Problem statement:
Ignoring the pictures, copy the data exactly.

Source material:
◆ ◆ ◆ ◆ ◆
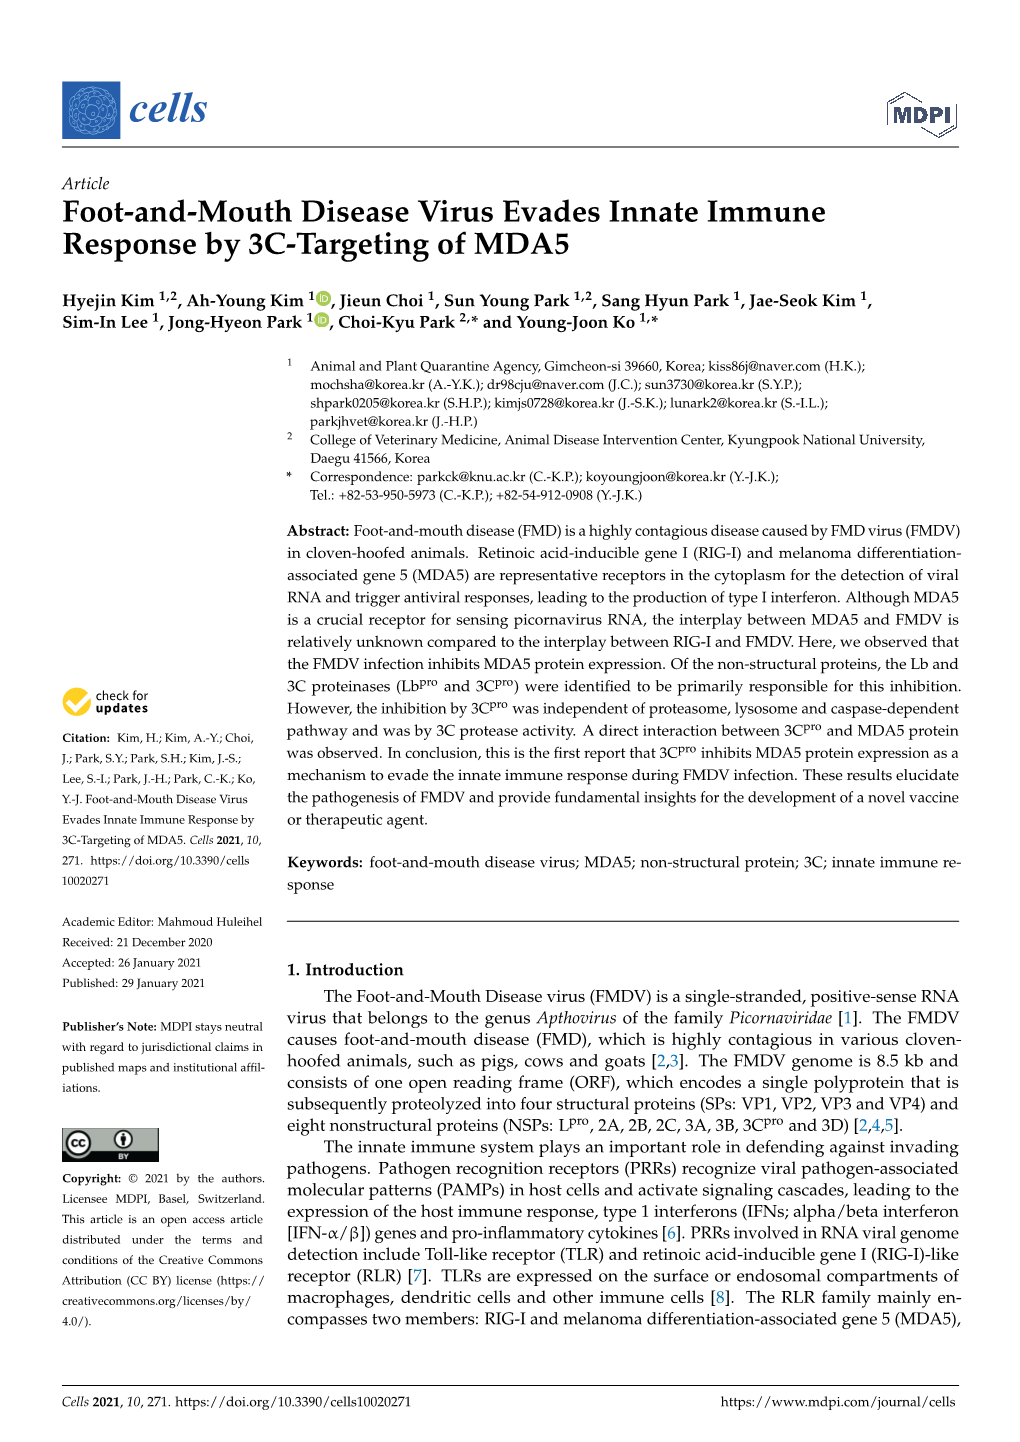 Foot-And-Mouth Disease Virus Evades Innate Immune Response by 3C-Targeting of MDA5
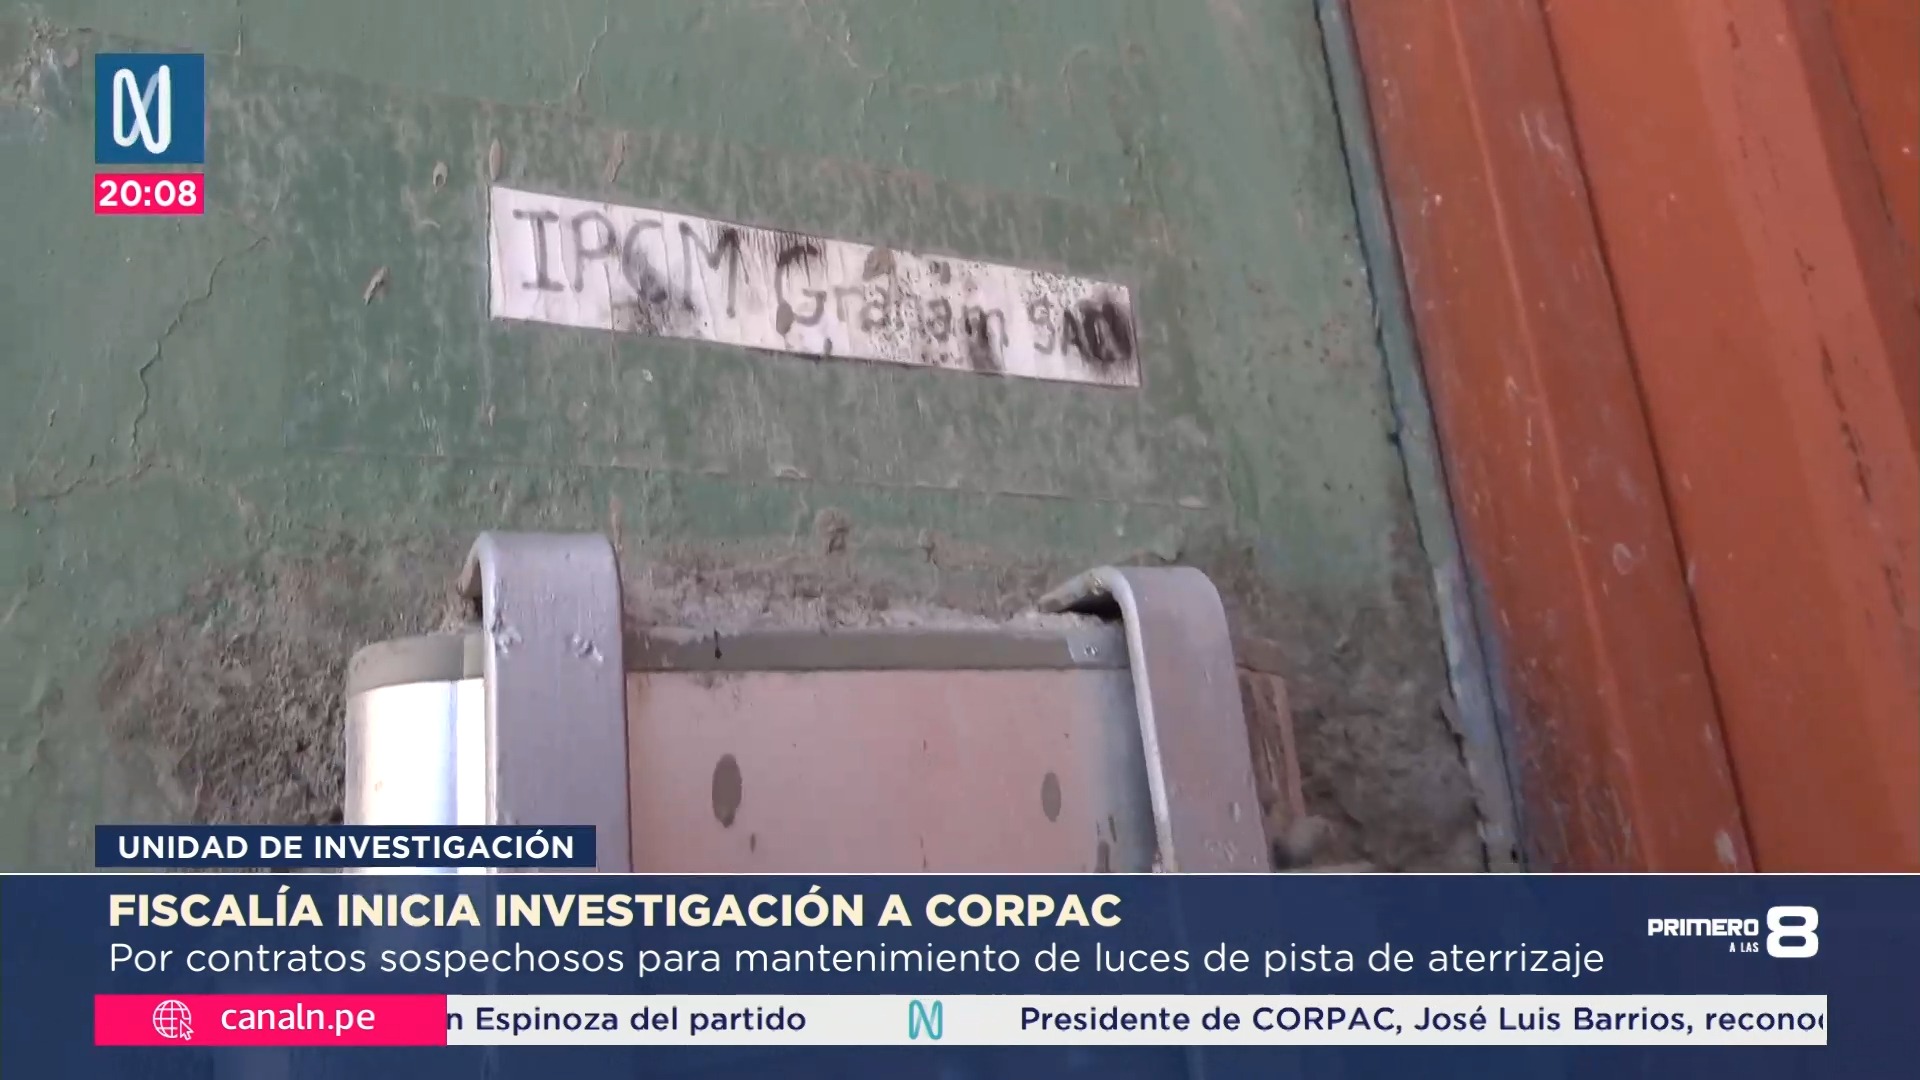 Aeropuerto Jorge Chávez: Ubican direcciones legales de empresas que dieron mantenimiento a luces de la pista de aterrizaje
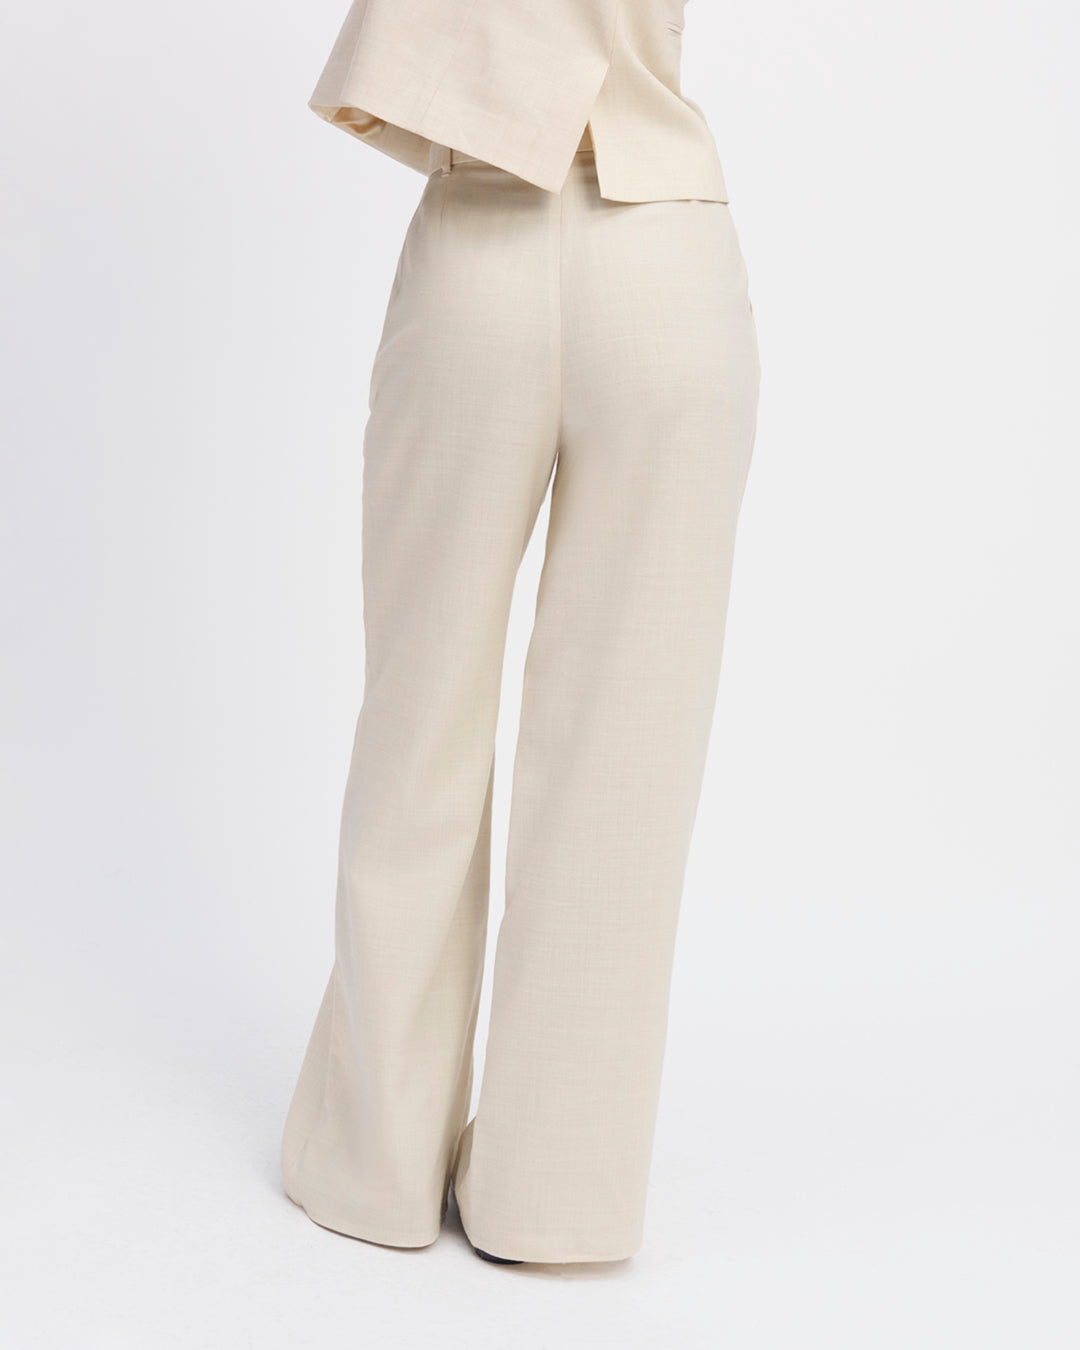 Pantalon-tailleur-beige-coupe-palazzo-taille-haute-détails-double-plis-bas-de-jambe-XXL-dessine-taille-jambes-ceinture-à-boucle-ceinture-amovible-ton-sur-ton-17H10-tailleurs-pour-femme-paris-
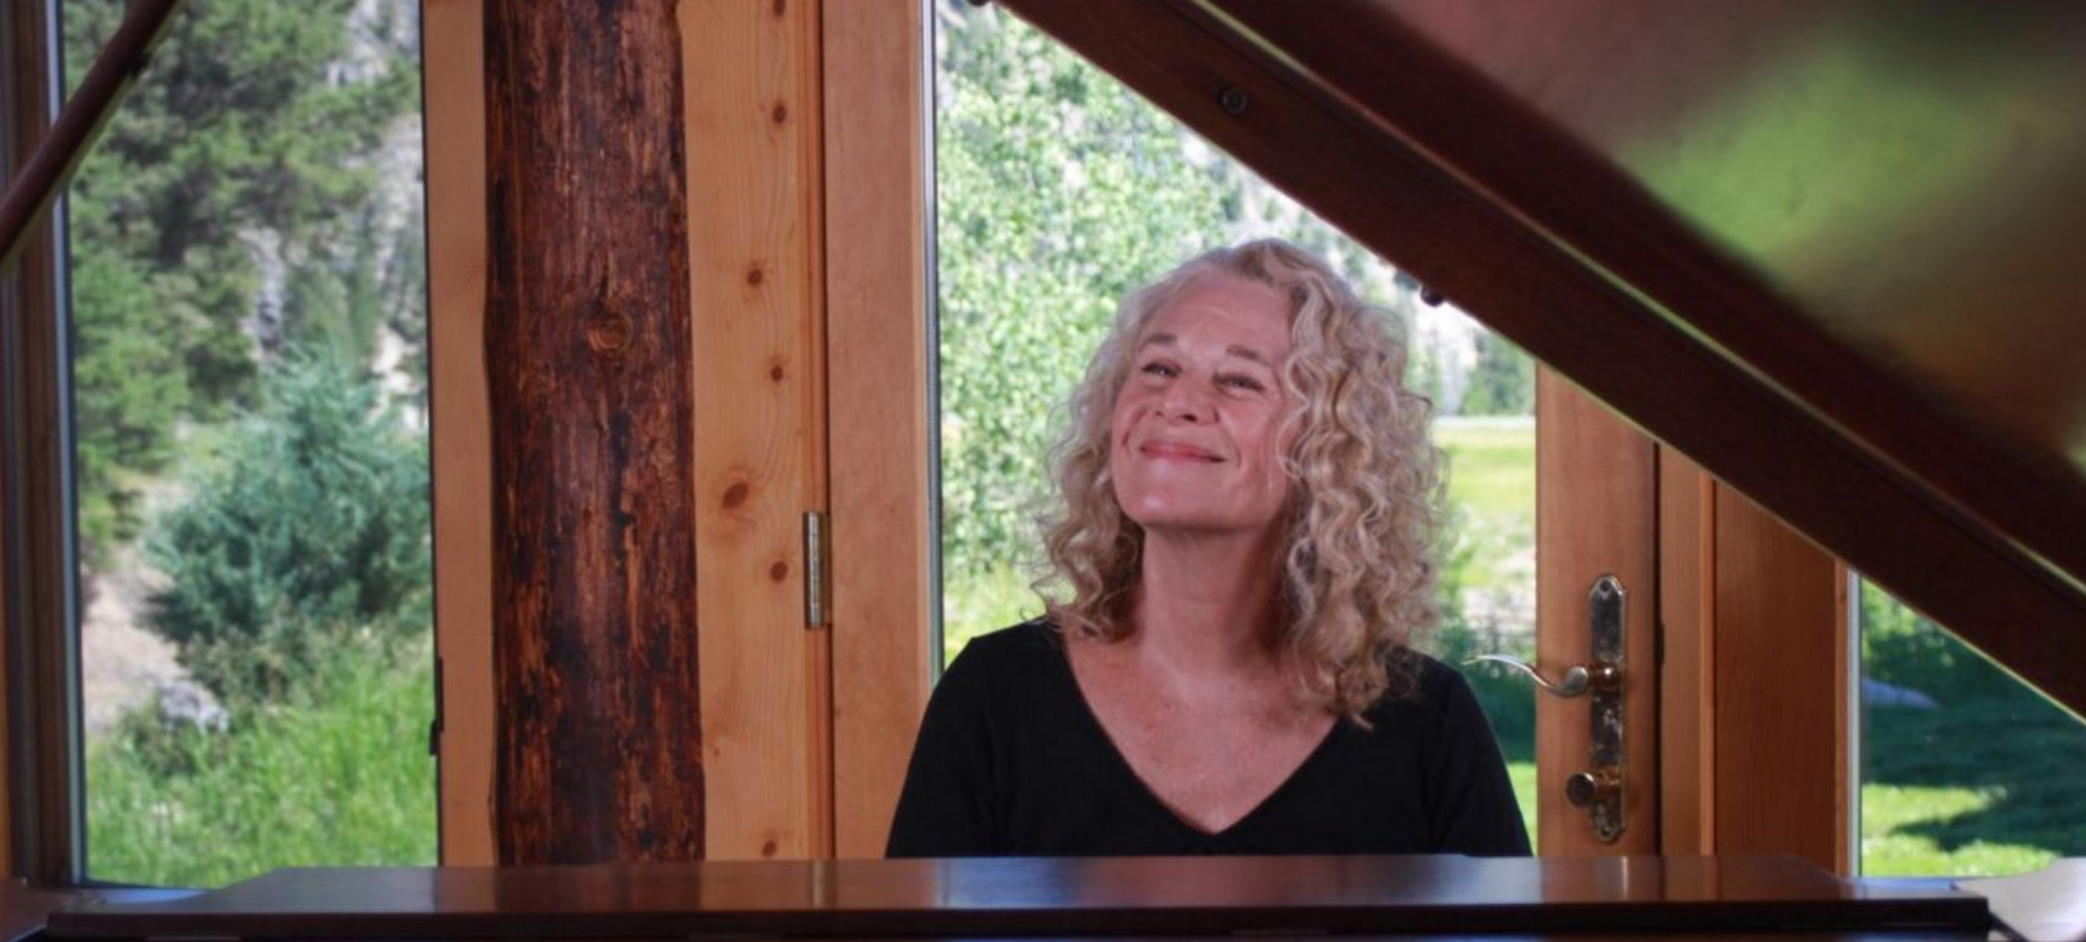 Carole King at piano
◆ ◆ ◆ ◆ ◆
Finished task:
 Foot-And-Mouth Disease Virus Evades Innate Immune Response by 3C-Targeting of MDA5
 Aeropuerto Jorge Chávez: Ubican direcciones legales de empresas que dieron mantenimiento a luces de la pista de aterrizaje
 Pantalon-tailleur-beige-coupe-palazzo-taille-haute-détails-double-plis-bas-de-jambe-XXL-dessine-taille-jambes-ceinture-à-boucle-ceinture-amovible-ton-sur-ton-17H10-tailleurs-pour-femme-paris-
 Carole King at piano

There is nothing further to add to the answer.